# HeterozygosityDictionary | Created 2017-12-24

In GATK genotyping, we use an "expected heterozygosity" value to compute the prior probability that a locus is non-reference. Given the expected heterozygosity hets, we calculate the probability of N samples being hom-ref at a site as 1 - sum_i_2N (hets / i). The default value provided for humans is hets = 1e-3; a value of 0.001 implies that two randomly chosen chromosomes from the population of organisms would differ from each other at a rate of 1 in 1000 bp. In this context hets is analogous to the parameter theta from population genetics. The hets parameter value can be modified if desired.
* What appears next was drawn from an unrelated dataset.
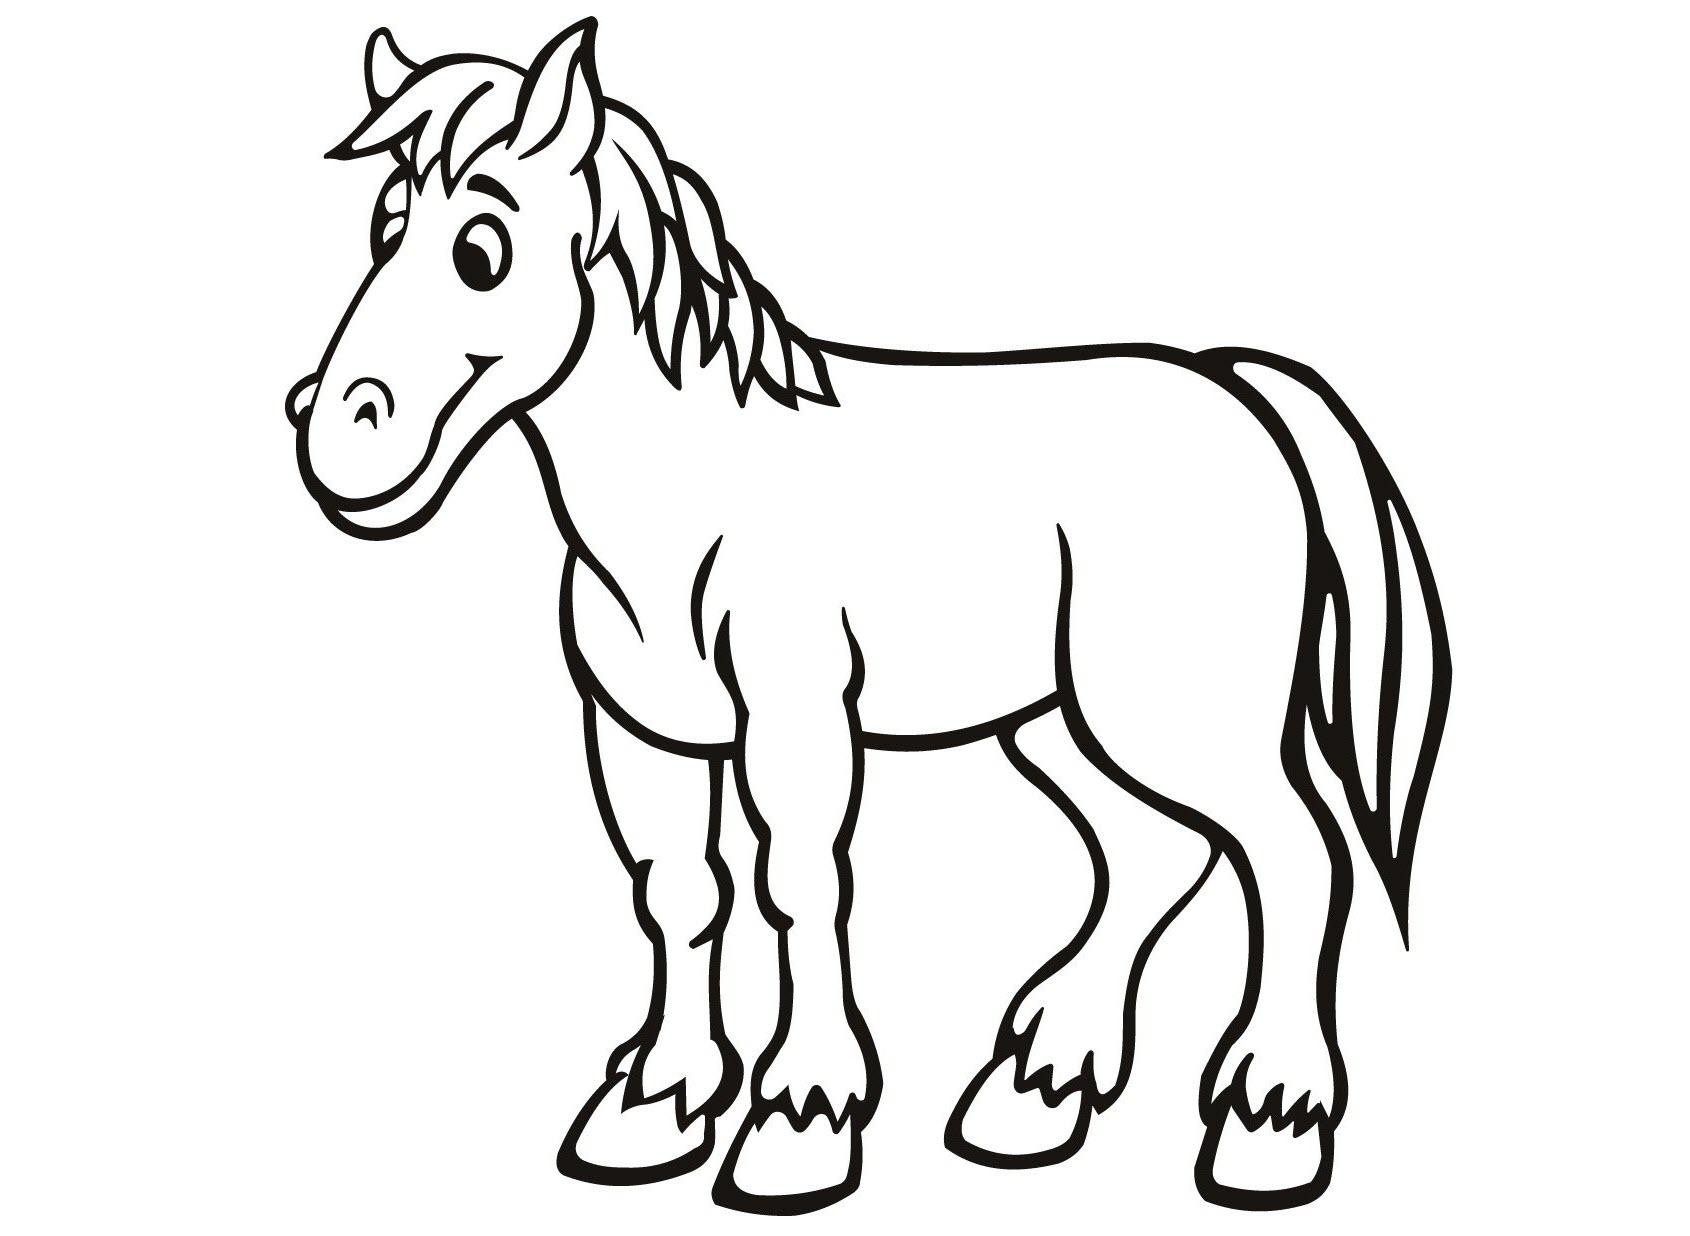 Horse coloring pages preschool

Note that this quantity has nothing to do with the likelihood of any given sample having a heterozygous genotype, which in the GATK is purely determined by the probability of the observed data P(D | AB) under the model that there may be an AB heterozygous genotype. The posterior probability of this AB genotype would use the hets prior, but the GATK only uses this posterior probability in determining the probability that a site is polymorphic. So changing the hets parameters only increases the chance that a site will be called non-reference across all samples, but doesn't actually change the output genotype likelihoods at all, as these aren't posterior probabilities. The one quantity that changes whether the GATK considers the possibility of a heterozygous genotype at all is the ploidy, which describes how many copies of each chromosome each individual in the species carries.